In [None]:
import numpy as np
import pandas as pd

from sklearn.cluster import KMeans
from sklearn.mixture import GaussianMixture
from sklearn.model_selection import train_test_split

from models import model_cat1, model_cat2
from models import model_xgb1, model_xgb2
from models import model_lgbm1, model_lgbm2, model_lgbm3
from models import model_rf1, model_rf2
from models import model_ridge
from models import model_knr1, model_knr2
from models import model_lr

### データの前処理

In [None]:
train = pd.read_csv("train.csv")
test = pd.read_csv("test.csv")
sample_submission = pd.read_csv("sample_submission.csv")

# trainから id = 170514を削除する
train = train[train["id"] != 170514]
train = train.reset_index(drop = True)

# 説明変数と目的変数の分離
# 列の抜き出し
features = train.columns
features = features.drop(["id", "target"])

# 分離
train_target = train["target"]
train_id = train["id"]
test_id = test["id"]
train = train[features]
test = test[features]

In [None]:
# KMeans法によるラベリング(特徴量エンジニアリング)
km = KMeans(n_clusters=2, random_state=0)
km.fit(train)
km_train = pd.DataFrame(km.predict(train), columns = ["km_cluster"])
km_test = pd.DataFrame(km.predict(test), columns = ["km_cluster"])

# 結合
train = pd.concat([train, km_train], axis = 1)
test = pd.concat([test, km_test], axis = 1)

In [None]:
## 決定木系モデル用のデータを作成
train_dt = train.copy()
test_dt = test.copy()

# 混合ガウス分布による特徴量のラベリング(特徴量エンジニアリング)
def get_gmm_class_feature(feat, train_df, test_df, n):
    gmm = GaussianMixture(n_components=n, random_state=1234)
    gmm.fit(train_df[feat].values.reshape(-1, 1))
    train_df[f'{feat}_class'] = gmm.predict(train_df[feat].values.reshape(-1, 1))
    test_df[f'{feat}_class'] = gmm.predict(test_df[feat].values.reshape(-1, 1))
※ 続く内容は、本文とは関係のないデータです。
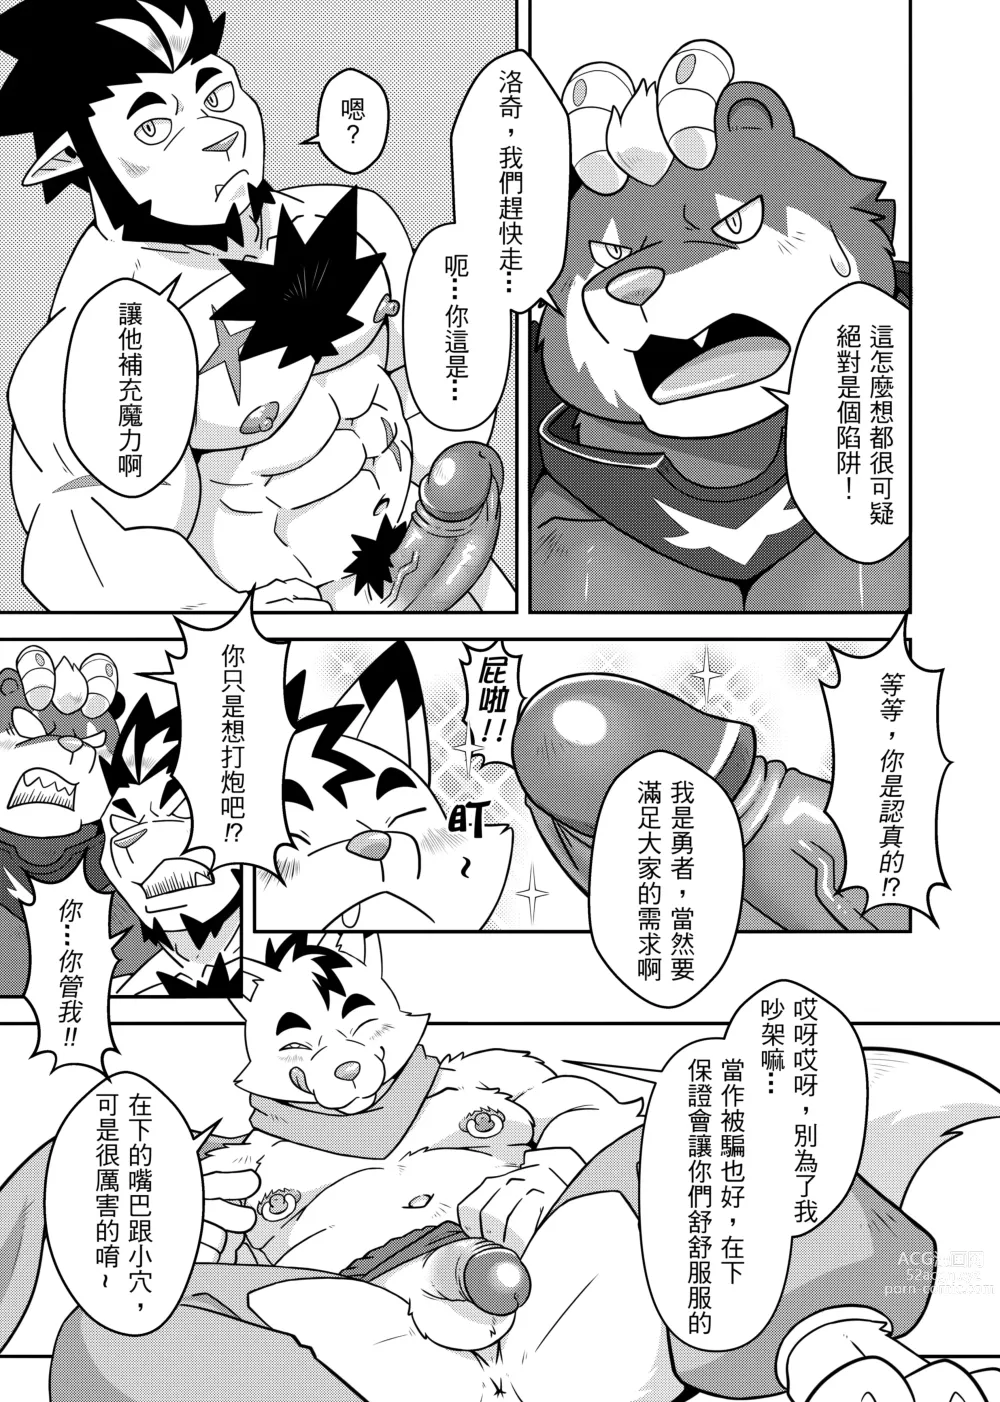 Page 11 of doujinshi 勇者的大小只有魔王塞得下3

get_gmm_class_feature('cont1', train_dt, test_dt, 4)
get_gmm_class_feature('cont2', train_dt, test_dt, 10)
get_gmm_class_feature('cont3', train_dt, test_dt, 6)
get_gmm_class_feature('cont4', train_dt, test_dt, 4)
get_gmm_class_feature('cont5', train_dt, test_dt, 3)
get_gmm_class_feature('cont6', train_dt, test_dt, 2)
get_gmm_class_feature('cont7', train_dt, test_dt, 3)
get_gmm_class_feature('cont8', train_dt, test_dt, 4)
get_gmm_class_feature('cont9', train_dt, test_dt, 4)
get_gmm_class_feature('cont10', train_dt, test_dt, 8)
get_gmm_class_feature('cont11', train_dt, test_dt, 5)
get_gmm_class_feature('cont12', train_dt, test_dt, 4)
get_gmm_class_feature('cont13', train_dt, test_dt, 6)
get_gmm_class_feature('cont14', train_dt, test_dt, 6)   

In [None]:
# 線形回帰、K近傍法用にデータを加工する
train_l = train_dt.copy()
test_l = test_dt.copy()

# ダミー変数化
for i in range(1,15):
    temp = pd.get_dummies(train_l["cont{}_class".format(str(i))], drop_first = True)
    train_l = pd.concat([train_l, temp], axis = 1)
    del train_l["cont{}_class".format(str(i))]

for i in range(1,15):
    temp = pd.get_dummies(test_l["cont{}_class".format(str(i))], drop_first = True)
    test_l = pd.concat([test_l, temp], axis = 1)
    del test_l["cont{}_class".format(str(i))]

In [None]:
# train_test_split
X_train_dt, X_val_dt, y_train_dt, y_val_dt = train_test_split(train_dt, train_target, test_size = 0.25, random_state = 1234)
X_train_l, X_val_l, y_train_l, y_val_l = train_test_split(train_l, train_target, test_size = 0.25, random_state = 1234)

### スタッキング1層目

In [None]:
#スタッキング1層目用の関数の定義
def predict_cv(model, train, train_target, test):
    y_preds = []
    preds_test = []
    val_idxes = []
    
    kf = KFold(n_splits = 4, shuffle = True, random_state = 1234)
    
    # クロスバリデーションで学習・予測をを行い、予測値とインデックスを保存する
    for i, (train_idx, val_idx) in enumerate(kf.split(train)):
        X_train, X_val = train.iloc[train_idx], train.iloc[val_idx]
        y_train, y_val = train_target.iloc[train_idx], train_target.iloc[val_idx]
        model.fit(X_train, y_train, X_val, y_val)
        y_pred = model.predict(X_val)
        y_preds.append(y_pred)
        pred_test = model.predict(test)
        preds_test.append(pred_test)
        val_idxes.append(val_idx)
        
    # バリデーションデータに対する予測値を連結し、その後元の順序に並べ直す
    val_idxes = np.concatenate(val_idxes)
    preds = np.concatenate(y_preds, axis = 0)
    order = np.argsort(val_idxes)
    pred_train = preds[order]
    
    # テストデータに対する予測値の平均をとる
    preds_test = np.mean(preds_test, axis = 0)
    return pred_train, preds_test

In [None]:
# catboost1 (optunaにより最適化されたモデル)
m_cat1 = model_cat1()
pred_train_cat1, pred_test_cat1 = predict_cv(m_cat1, train_dt, train_target, test_dt)

# catboost2
m_cat2 = model_cat2()
pred_train_cat2, pred_test_cat2 = predict_cv(m_cat2, train_dt, train_target, test_dt)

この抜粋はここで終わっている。